I googled that knife and the price is ridiculous, I mean the steel is the standard vg-10(at least that's the info I am finding about it), but for that price range you can get established brands japanese knives:
People highly prize this one as very functional, inexpensive and reliable:
Misono gyuto(molibdenum or swedish steel)
The swedish steel also has a dragon engraving for style pts.:bounce:
there are other brands on the same site: japanesechefsknife.com
The blade of the Shun itself is good holds edge better than the german knives.


----------



## treehugger057 (Mar 6, 2009)

So i beleive the elite by shun is a powdered steel. Either way thanks for the suggestion. I have spent some time looking around at some of the other options on the website provided! I have a few options I would like to know more about. They are masamoto hc, Ryusen (blazen), Hiromoto (gingami no. 3), and Misono. Any thoughts about these knives, and how they may compare to the sun elite! Thanks


----------



## mainaman (Mar 10, 2009)

this forum Fred's Cutlery Forum - Foodie Forums, has reviews and 
also a lot of japanese knife enthusiasts that will gladly answer your questions. You can find some reviews too.


----------



## treehugger057 (Mar 6, 2009)

Very helpful thanks


----------



## boar_d_laze (Feb 13, 2008)

This thread ended up with a lot of questions.

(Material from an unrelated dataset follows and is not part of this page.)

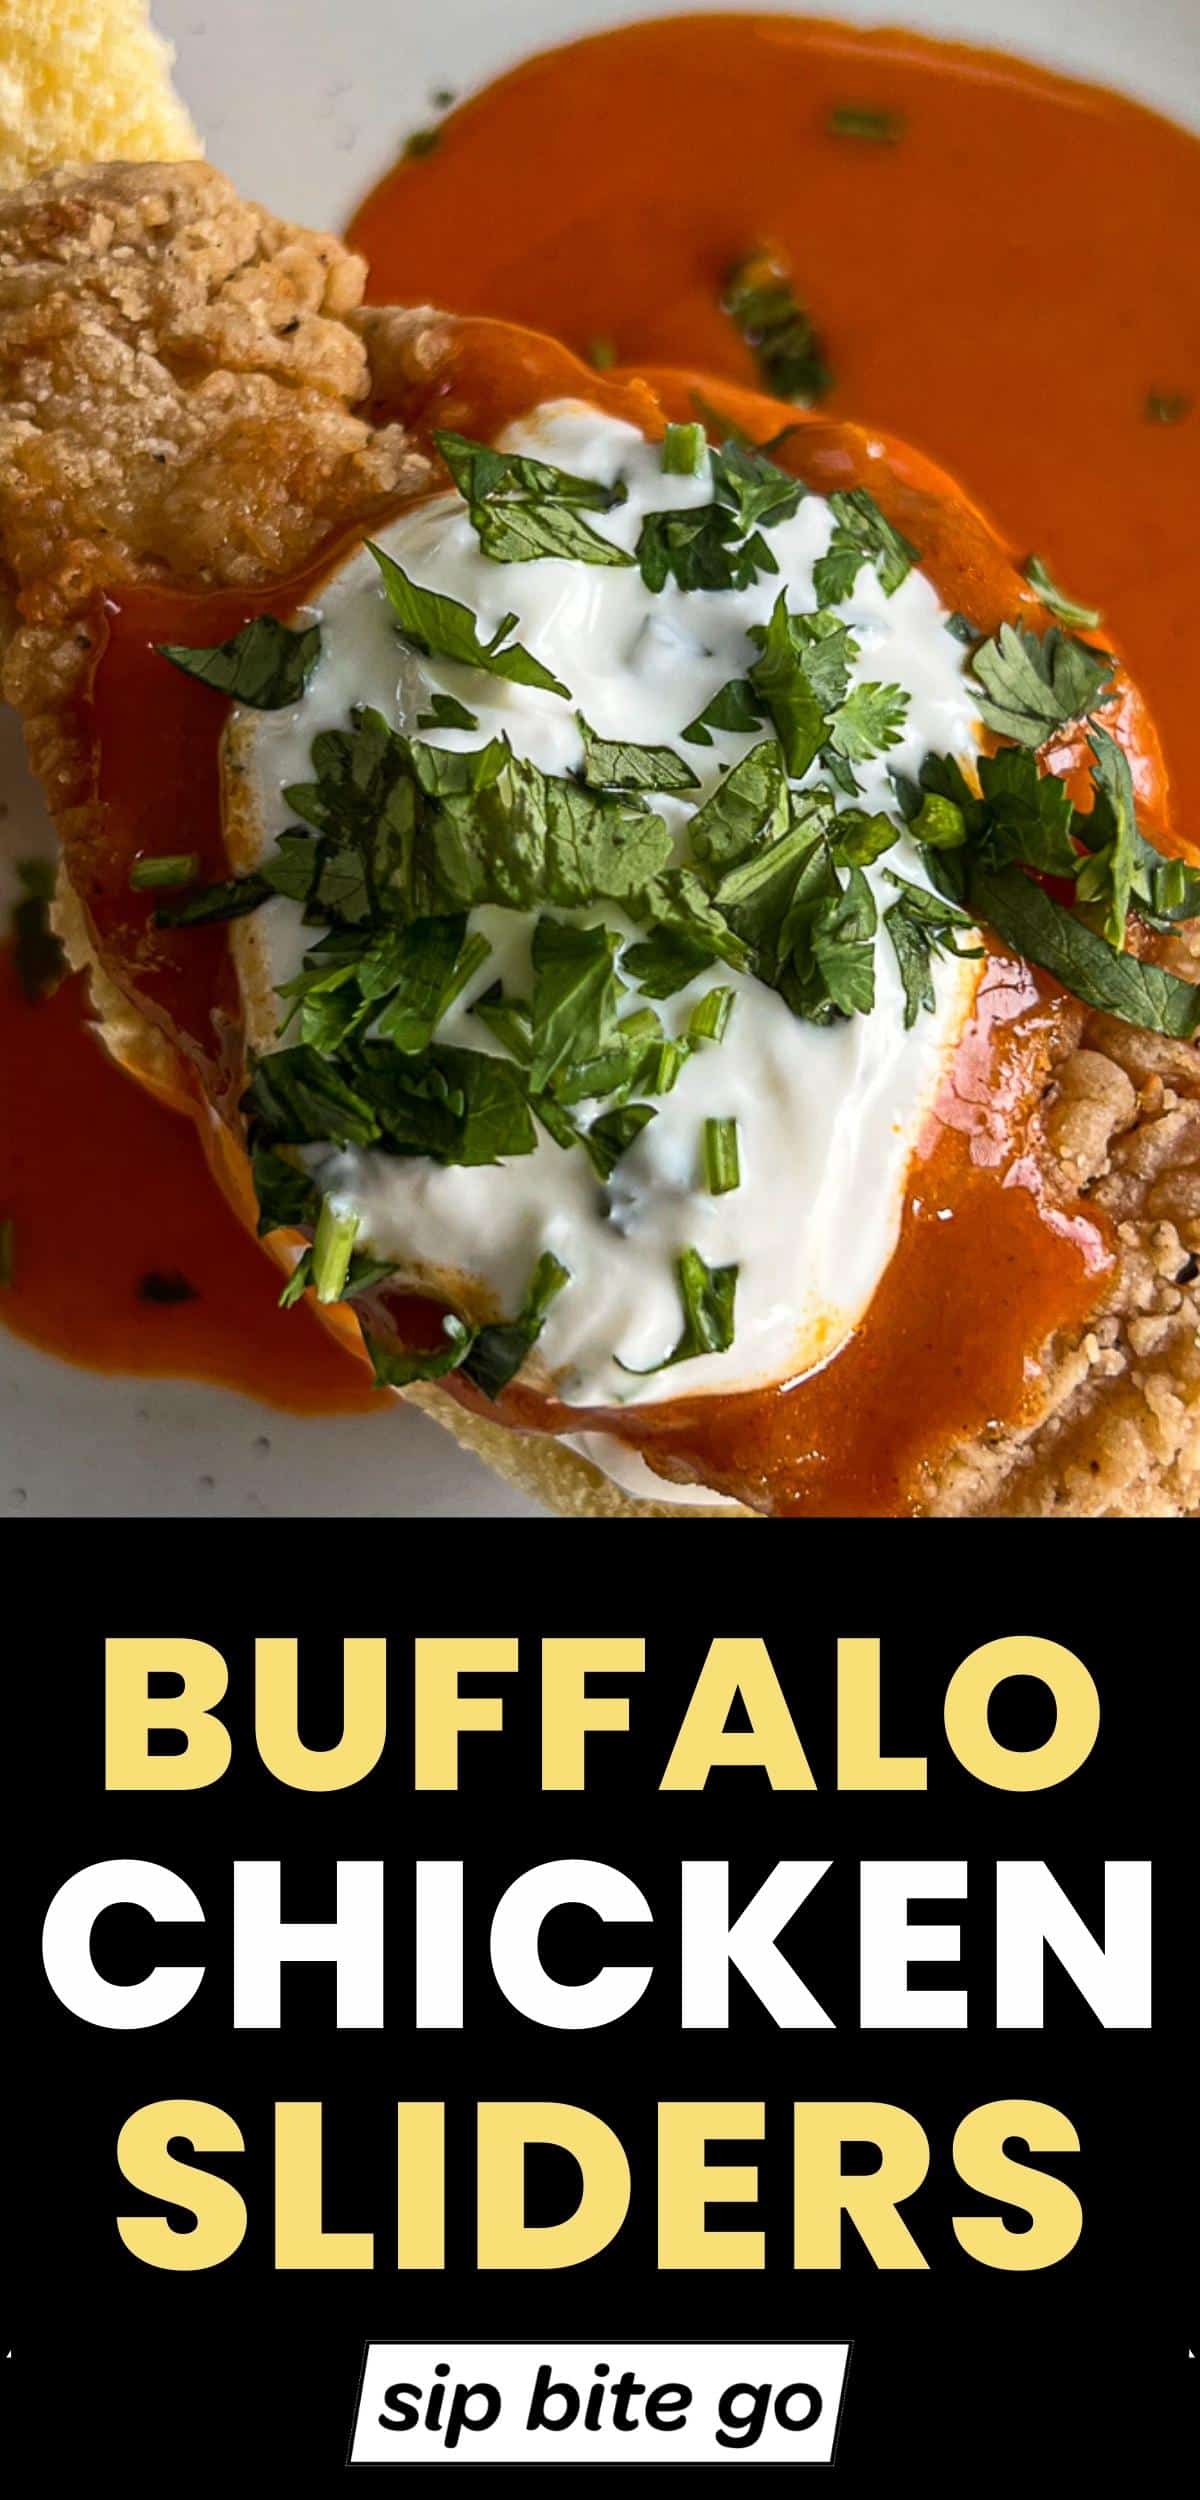 Recipe for Buffalo Chicken Sliders with text overlay and Sip Bite Go logo

Let's start with a personal disclaimer: I don't like very many Shun knives, especially not the Kershaw designs, most especially not the chef's. 

The Elite isn't quite as bad as the Classic, but still has an extended top line which means a lot of lift to get the point down. They both have too much arc (for my taste) in the belly. This usually means the cook uses more rock in a chop, than the straight down "push cut" of a very flat Japanese gyuto, or the combination "push-slide" typical of French chef knives and most Japanese gyuto (same edge profile).

Also, with a few execpetions, I don't care for "san mai" or "warikomi" knives in general and suminagashi in particular. Somehow suminagashi strikes me more as "faux damascus" than what it is -- traditional Japanese ornamentation. But even then, I don't care for a lot of adornment on my tools. And, it's a minority view, but three-layer Japanese lamination almost never has a good feel to me -- the blades either feel too dead or too pingy compared to the single layer carbon steel knives I prefer.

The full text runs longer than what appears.